Mehr zu der Studie und dem Beitrag der Tagesschau finden Sie unter hier.

Quelle: www.tagesschau.de

Reaktion aus Potsdam

Kurz nach Veröffentlichung der Studie übte die Landeshaupstadt Potsdam Kritik an der Studie. So habe Baubeigeordnete der Stadt, Bernd Rubelt gegenüber dem rbb, die Bezeichnung „Ghetto“ im Zusammenhnag mit Potsdam als beleidigend empfunden. Gleichzeitig habe er eingeräumt, dass es in Potsdam durchaus Wohnquartiere mit mangelnder sozialer Durchmischung gebe. Deswegen arbeite man daran, die Wohnraumförderung auf das gesamte Stadtgebiet auszuweiten.

Quelle: rbb

Im Kampf gegen die zunehmende soziale Spaltung in der Stadt haben die Potsdamer Neuesten Nachrichten im Zuge der Veröffentlichung der Studie des Wissenschaftszentrums Berlin für Sozialforschung alle die OB-Kandidaten um eine Stellungnahme gebeten. Diese hat die PNN jüngst veröffentlicht und können hier nachgelesen werden.

Im Ergebnis hätten sich die Kandidaten aber wenig überrascht vom Ergebnis der Studie gezeigt. Einen Teil der Verantwortung für die Spaltung sollen einige der Stadtpolitik zu geschrieben haben. Es sei zu wenig politisch gegen die soziale Verdrängung vorgegangen und sogar zum Teil forciert worden.

Potsdam habe nach Ansicht des Chefs der Volkssolidarität Brandenburg, Bernd Niederland zudem zu lange der Marktentwicklung zugeschaut und es „versäumt, einen Ausgleich zu schaffen durch sozialen Wohnungsbau und Sanierungen.

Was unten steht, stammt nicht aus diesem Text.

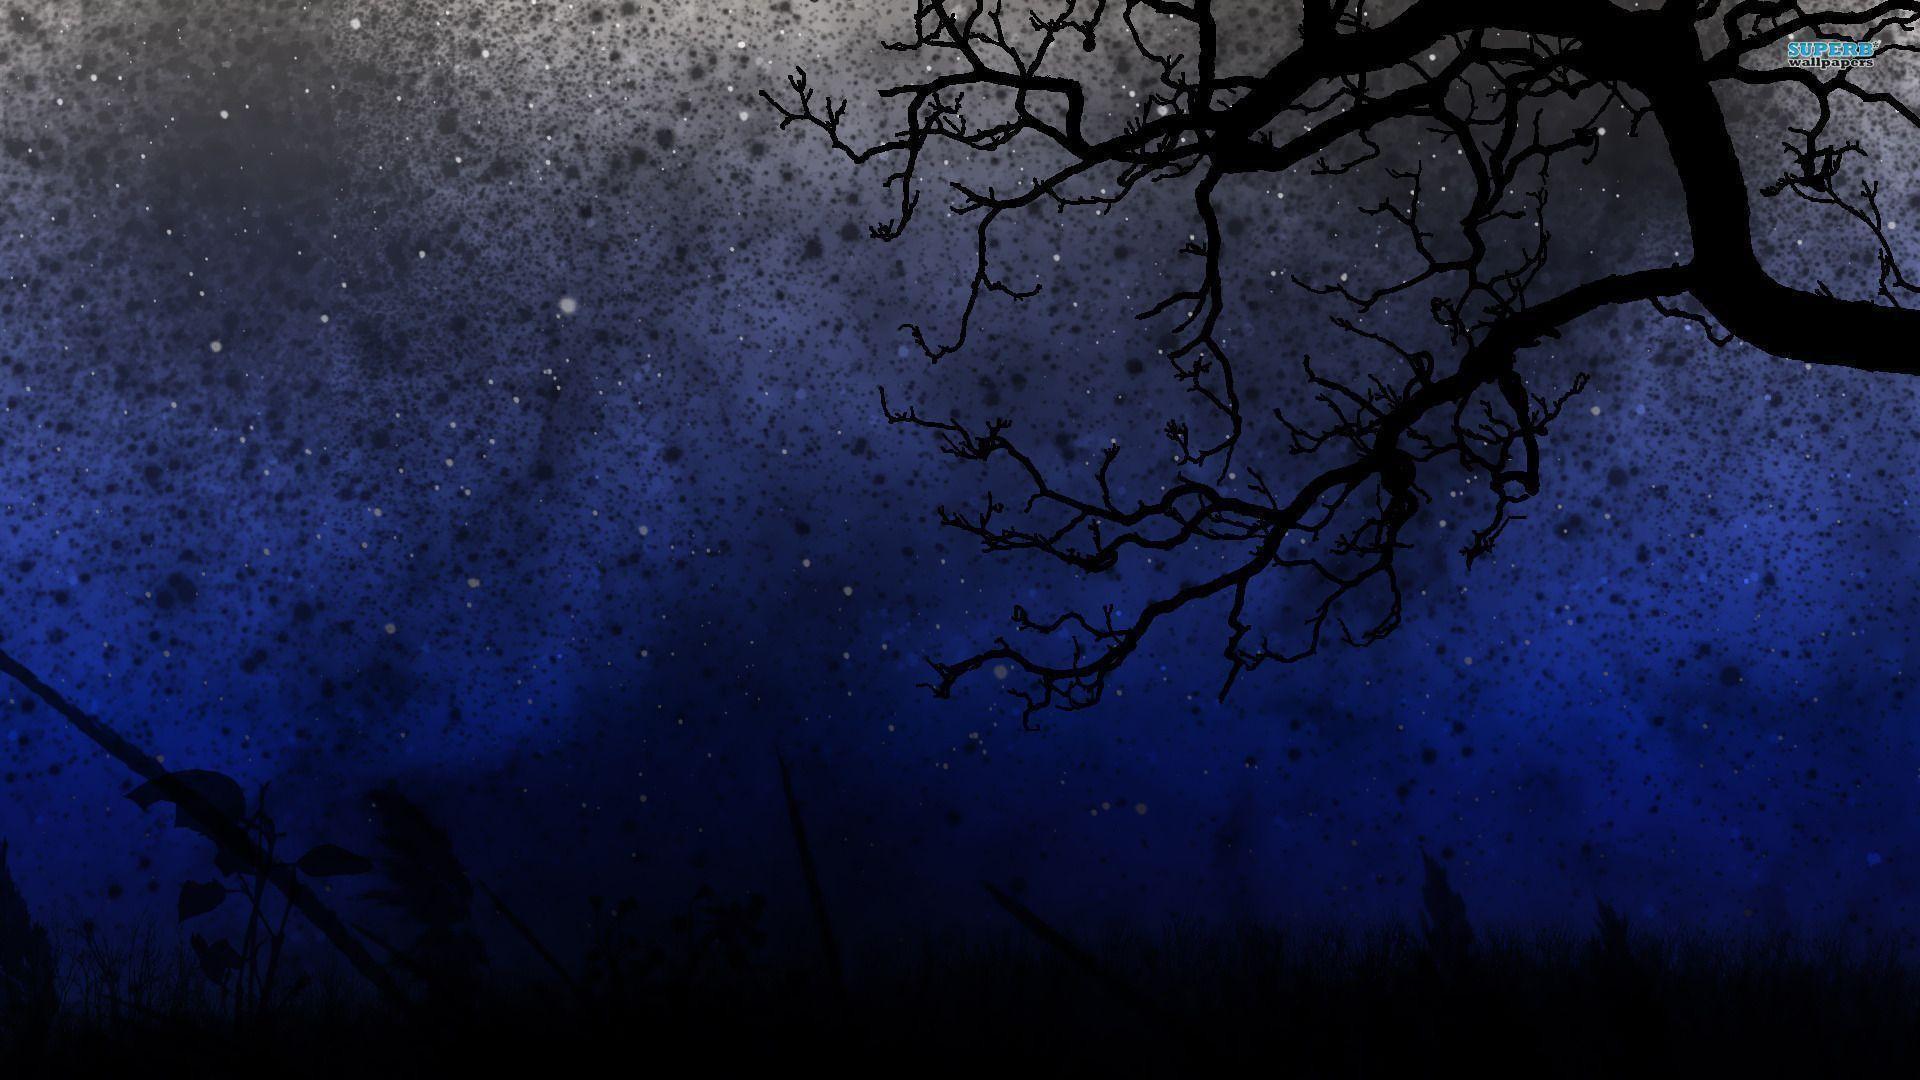 Starry night sky wallpaper – Download Best HD Desktop .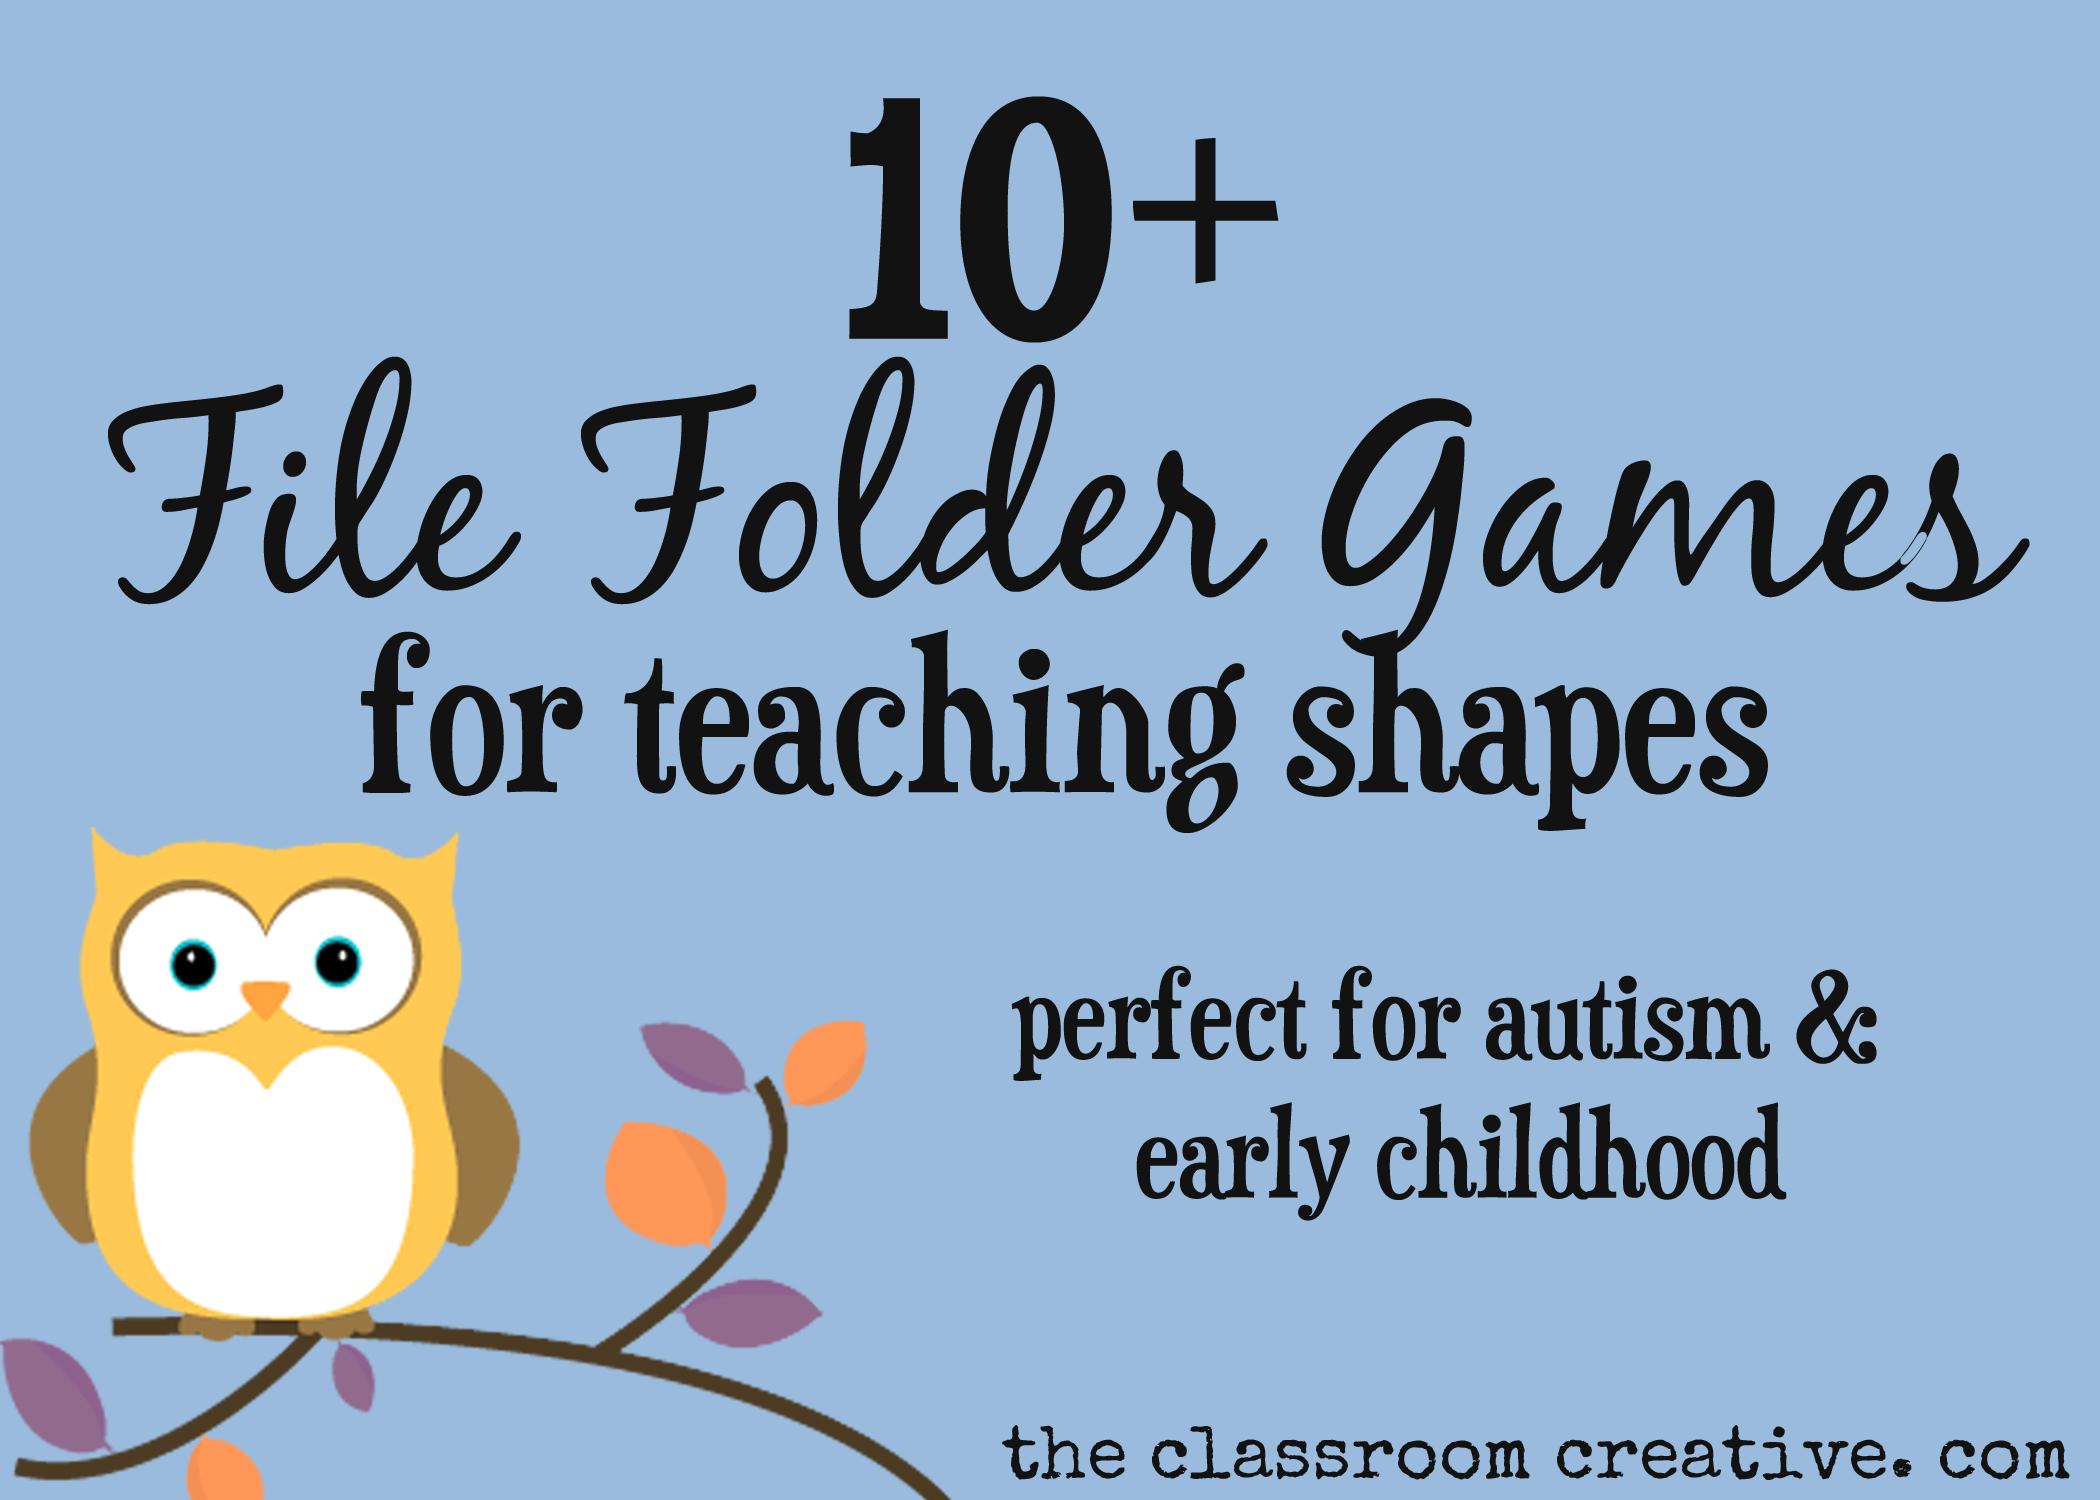 File Folder Games For Teaching Shapes - Free Printable File Folder Games

Die Lösungsansätze der Kandidaten gehen den PNN zufolge zum Teil weit auseinander. Es werden Themen aufgegriffen, wie die Begrenzung des anhaltenden Wachstum bzw. eine bessere Steuerung des Wachstum. Es geht um Nachverdichtung etwa durch Aufstockung wie am Schlaatz, um preisgünstige Sanierung und Vermietung. Es geht um Berücksichtung einer besseren Durchmischung bei der Planung neuer Gebiete wie in Krampnitz. Gleichwohl gibt es Stimmen den Wohnungsbau weiter voranzutreiben und den Anteil an Sozialwohnungen zu erhalten und zu erweitern. Dabei wird auch das Thema der Liegenschaftspolitik mit aufgegriffen. So dürfe Potsdam Grundstücke nicht zum Höchstpreis verkaufen.

Von Seiten der Stadt gebe es Interesse, das gesamte Stadtgebiet zur Förderkulisse für sozialen Wohnungsbau zu machen. Die Förderbedingungen des Landes seien zugunsten der Stadt verändert worden, heißt es von Seiten des Baudezernenten.